Monday, January 21, 2008

Bank of America and Countrywide

Sources: BBC, Wall Street Journal

Leading U.S. banking company, Bank of America, offered to purchase the US’s largest mortgage broker Countrywide earlier in January, for an estimated $4 billion. The recent mortgage crisis has hit Countrywide hard—Countrywide suffered a 44% drop in December, while suffering high levels of foreclosures. In August 2007, B of A invested $2 billion dollars. Countrywide shareholders will receive 0.1822 B of A shares per Countrywide share. This deal has been described as a “lifeline” for the besieged home mortgage lender, and is expected to close in the third quarter.

However, this deal has hit some snags.
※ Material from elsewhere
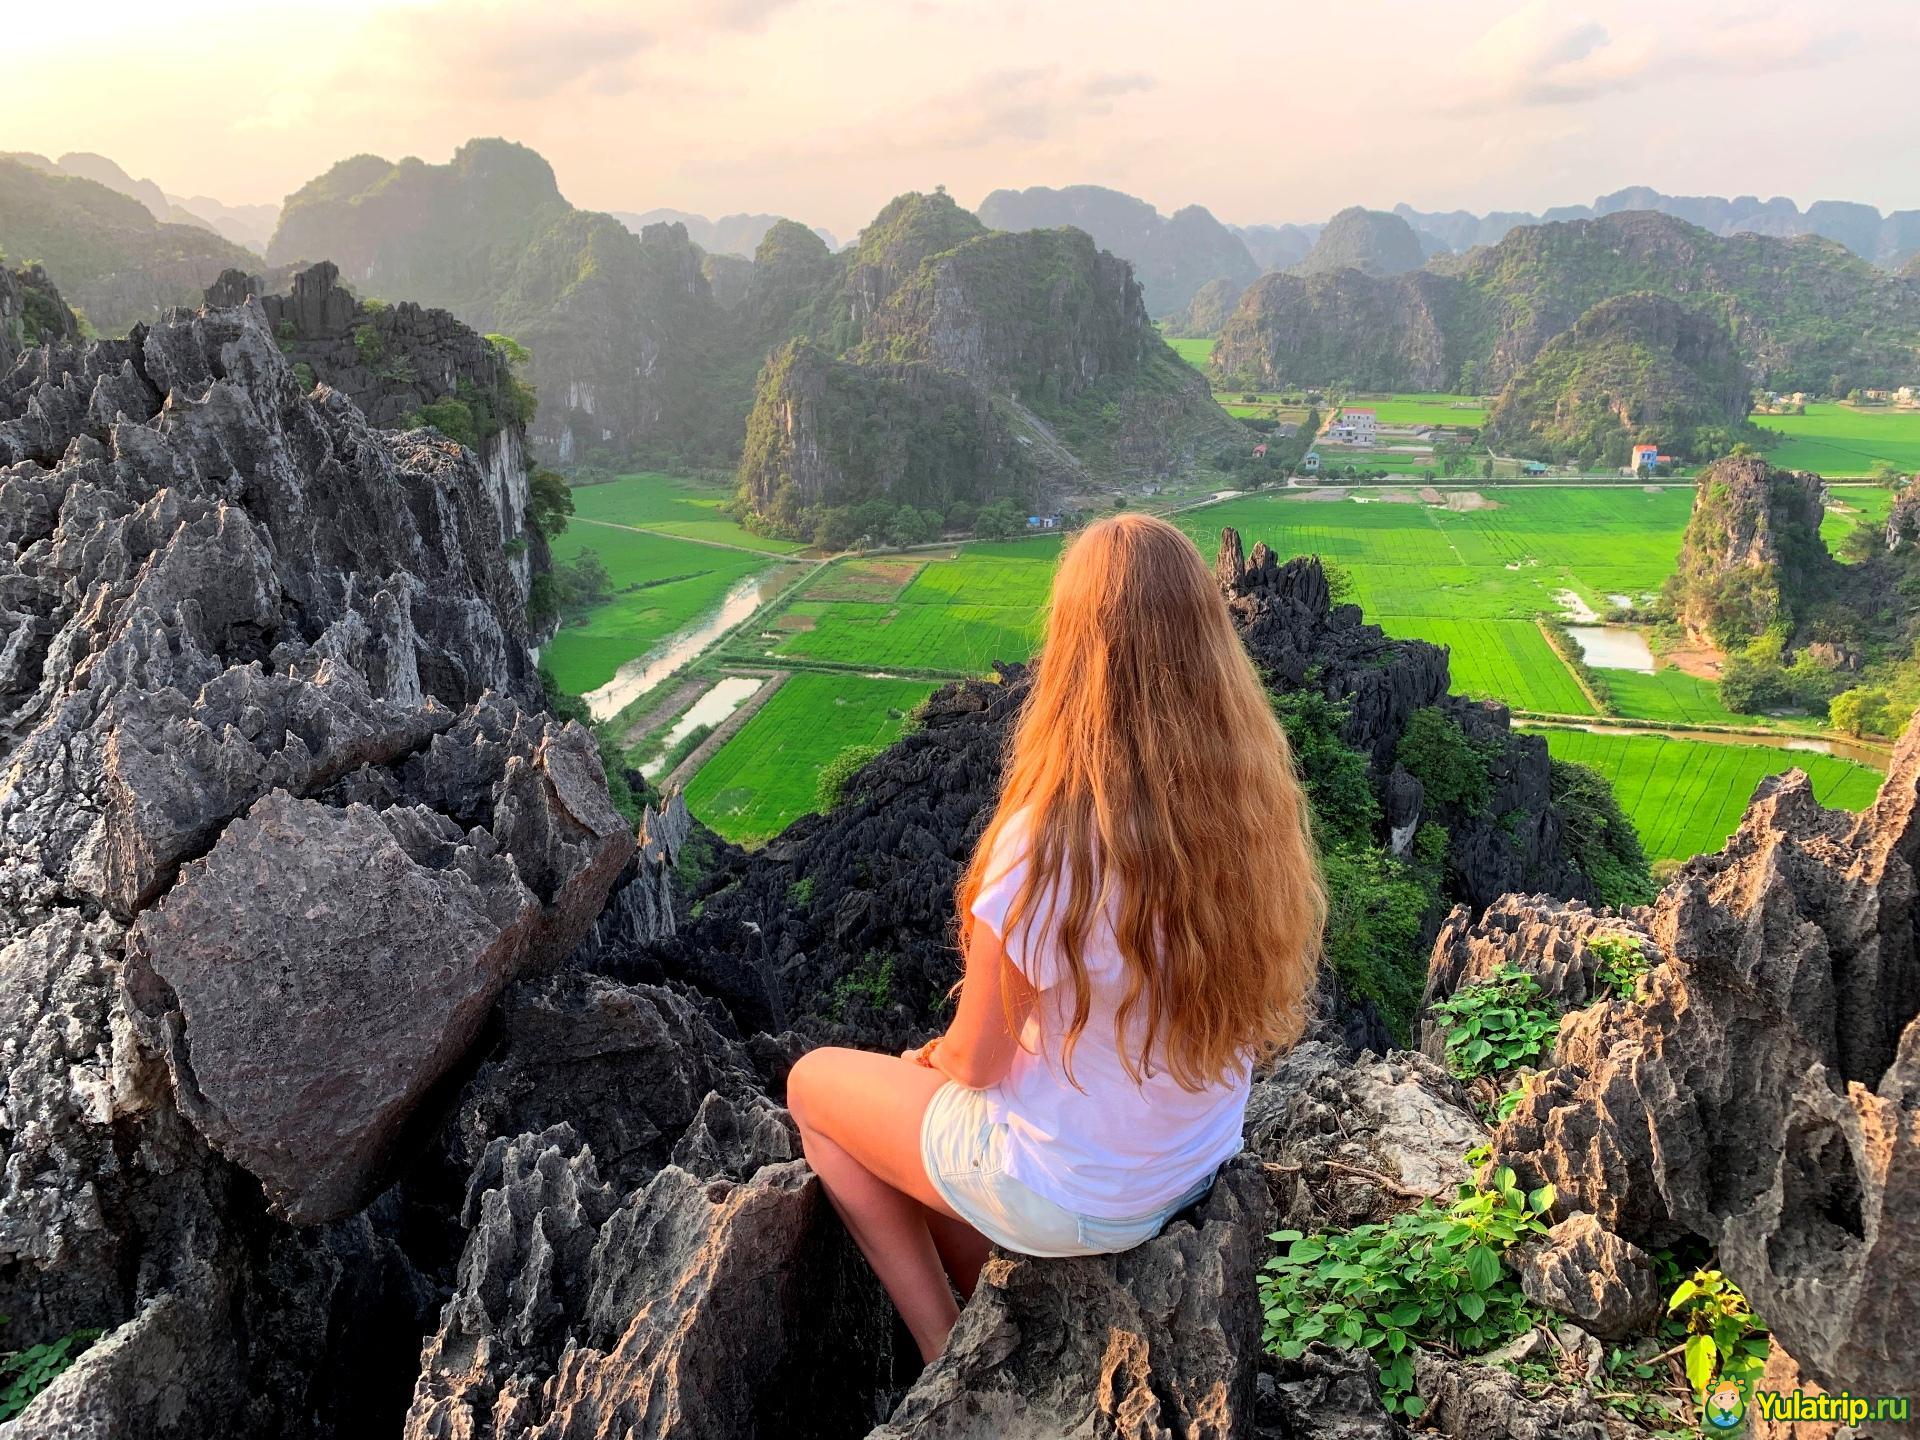 ханг муа mua caves нинь бинь вьетнам
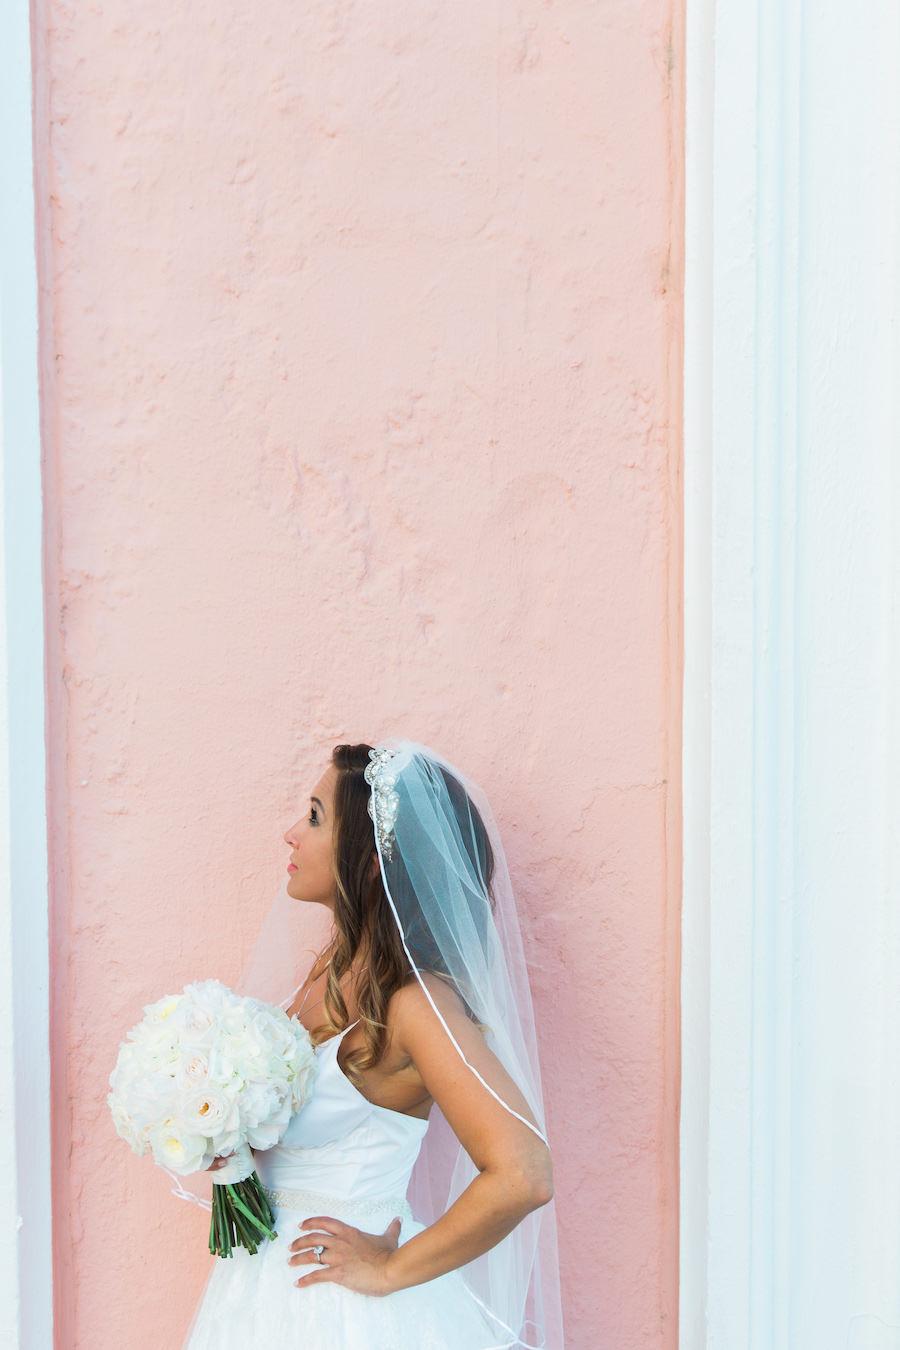 St. Pete Bride Wedding Portrait with White Peony Bouquet

Details of the deal give Bank of America lots of freedom to walk away from the deal, and Countrywide’s shares dropped 10% on Friday on word that Bank of America may not complete the deal. Countrywide closed on Friday at $4.96, down from $5.48. Countrywide’s closing price on Friday was 24 percent less than the Bank of America offer prices, and now, some investment experts believe that the Countrywide deal will be renegotiated with lower share prices. Paul J. Miller Jr., an analyst at Friedman, Billings, Ramsey & Co., has stated that there may be renogiations if the mortgage market continues to fall and if Countrywide's losses exceed expectations. Neither entity has commented on the rumors.

Based on information from the public documents filed with the SEC, Bank of America has lots of room to walk away. Countrywide must have its 2007 financials audited, and there must be an "unqualified opinion" on the 2007 financials. There is also no contractual clause that would "force" Bank of America to purchase Countrywide. Furthermore, the contratual clause that allows Bank of America to walk away if there are "materially adverse changes" also gives Bank of America lots of room.

Other offers to purchase mortgage companies have already fallen through in 2007.

Question: If this deal falls through—and in light of other collapsed purchase offers for mortgage companies—what sort of impact will the general public see?